Better e Coinbase hanno lanciato un prodotto di mutuo che consente agli acquirenti di casa di impegnare Bitcoin (BTC) come garanzia per l’anticipo — attirando dure critiche dal sostenitore dell’oro Peter Schiff, che sostiene che la struttura sposti il rischio sui creditori e possa disfarsi se i prezzi scendono.
Better e Coinbase lanciano il mutuo in BTC
Il 26 marzo le due società hanno annunciato una partnership per offrire mutui legati agli standard di Fannie Mae e garantiti da asset digitali. Secondo un comunicato stampa, i mutuatari possono usare le loro disponibilità in Bitcoin o USDC (USDC) come garanzia senza venderle o generare un evento fiscale.
Better, che si definisce la prima piattaforma di mutui “AI-native”, afferma che il prodotto è rivolto agli americani che detengono cripto ma non hanno risparmi in contanti sufficienti per un anticipo tradizionale. L’azienda ha aggiunto che i mutuatari non subiranno margin call se il prezzo di Bitcoin scende — la garanzia viene liquidata solo se un pagamento supera i 60 giorni di ritardo.

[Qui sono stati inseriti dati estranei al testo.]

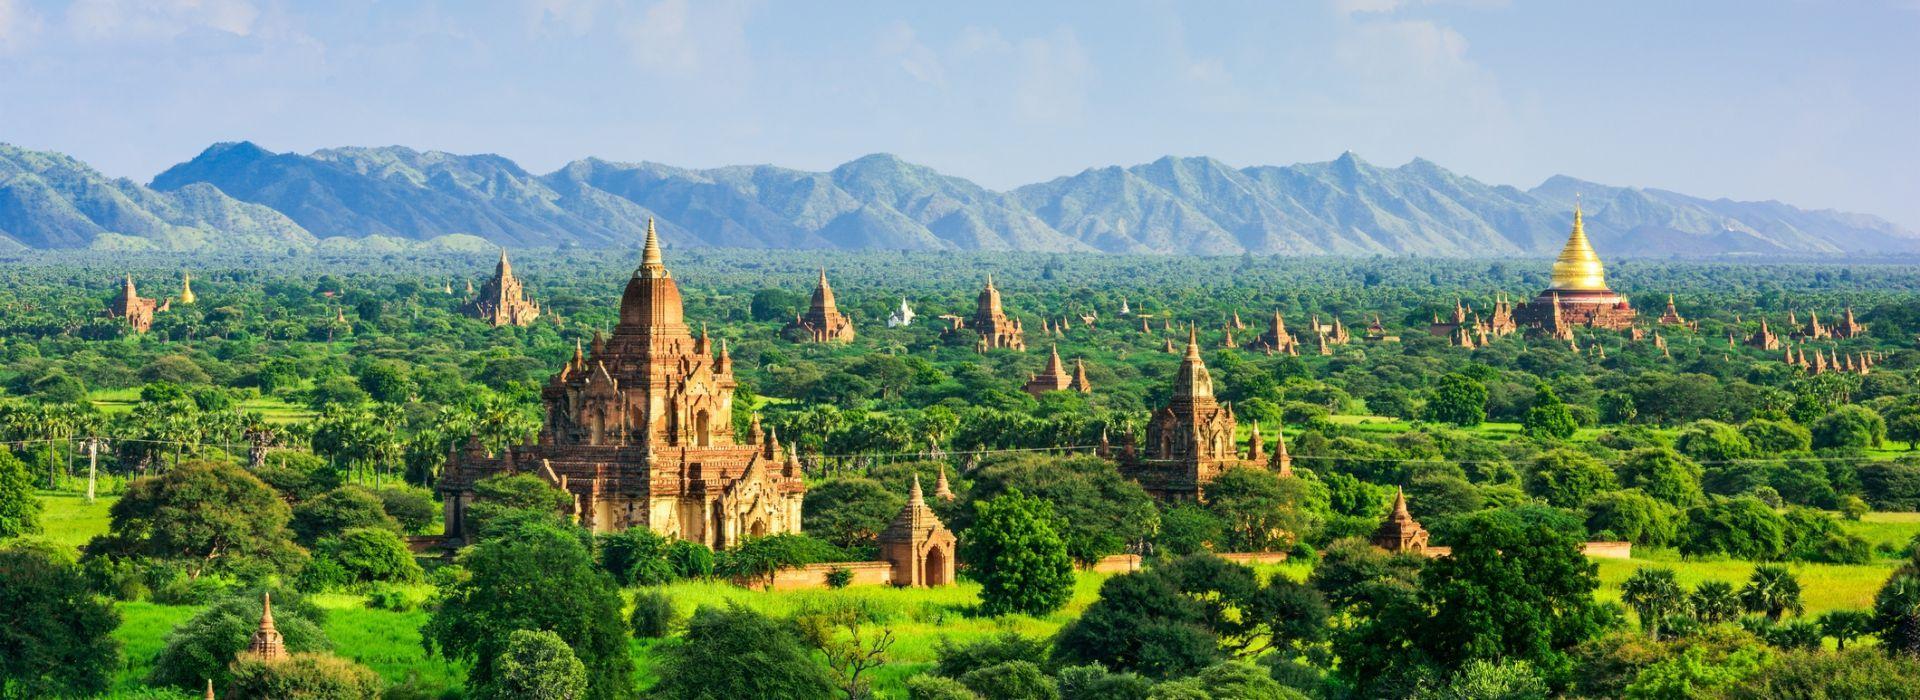 City sightseeing Tours in Bagan

Also Read: Mystery Wallet Loads $107M In ETH Near Lows, Arkham Points To Bitmine
Schiff attacca il rischio della garanzia in BTC
Schiff ha replicato quasi immediatamente.
«Permettere agli acquirenti di casa di impegnare Bitcoin come anticipo sul mutuo è un’idea orribile, perché aumenta in modo sostanziale il rischio per i creditori», ha scritto su X. «Se Bitcoin crolla, l’anticipo svanisce.»
Ha inoltre sottolineato che i creditori non possono toccare la garanzia finché il mutuatario non è in default, e in seguito ha definito l’intero modello una «truffa per impedire alle persone di vendere i loro Bitcoin per comprare case».
Van de Poppe e Schiff sulle prospettive di BTC
Il prodotto arriva mentre lo stesso Bitcoin è sotto pressione in borsa. Al momento della stesura, BTC era sceso sotto i 68.000 $, in calo di circa il 3% nelle 24 ore e di quasi il 3% nell’ultima settimana — pur rimanendo in rialzo di circa il 6% su 30 giorni.
È ancora oltre il 45% sotto il massimo storico di ottobre 2025.
L’analista Michaël van de Poppe ha letto il calo in modo diverso, sostenendo che i detentori di breve periodo fossero in fase di capitolazione — uno schema che associa a una fase di accumulo di lungo periodo, man mano che le “mani deboli” escono dal mercato.
Schiff, dal canto suo, si è spinto oltre in commenti separati, avvertendo che Bitcoin potrebbe scendere a 20.000 $ — un calo dell’84% rispetto al picco di ottobre 2025 di 126.000 $ — se dovesse perdere il livello di supporto dei 50.000 $. Ha indicato le perdite non realizzate presso la Strategy di Michael Saylor come prova che la fase di vendite abbia ancora margine, e ha messo in dubbio la sostenibilità di Bitcoin come asset di riserva, dato il suo livello di volatilità.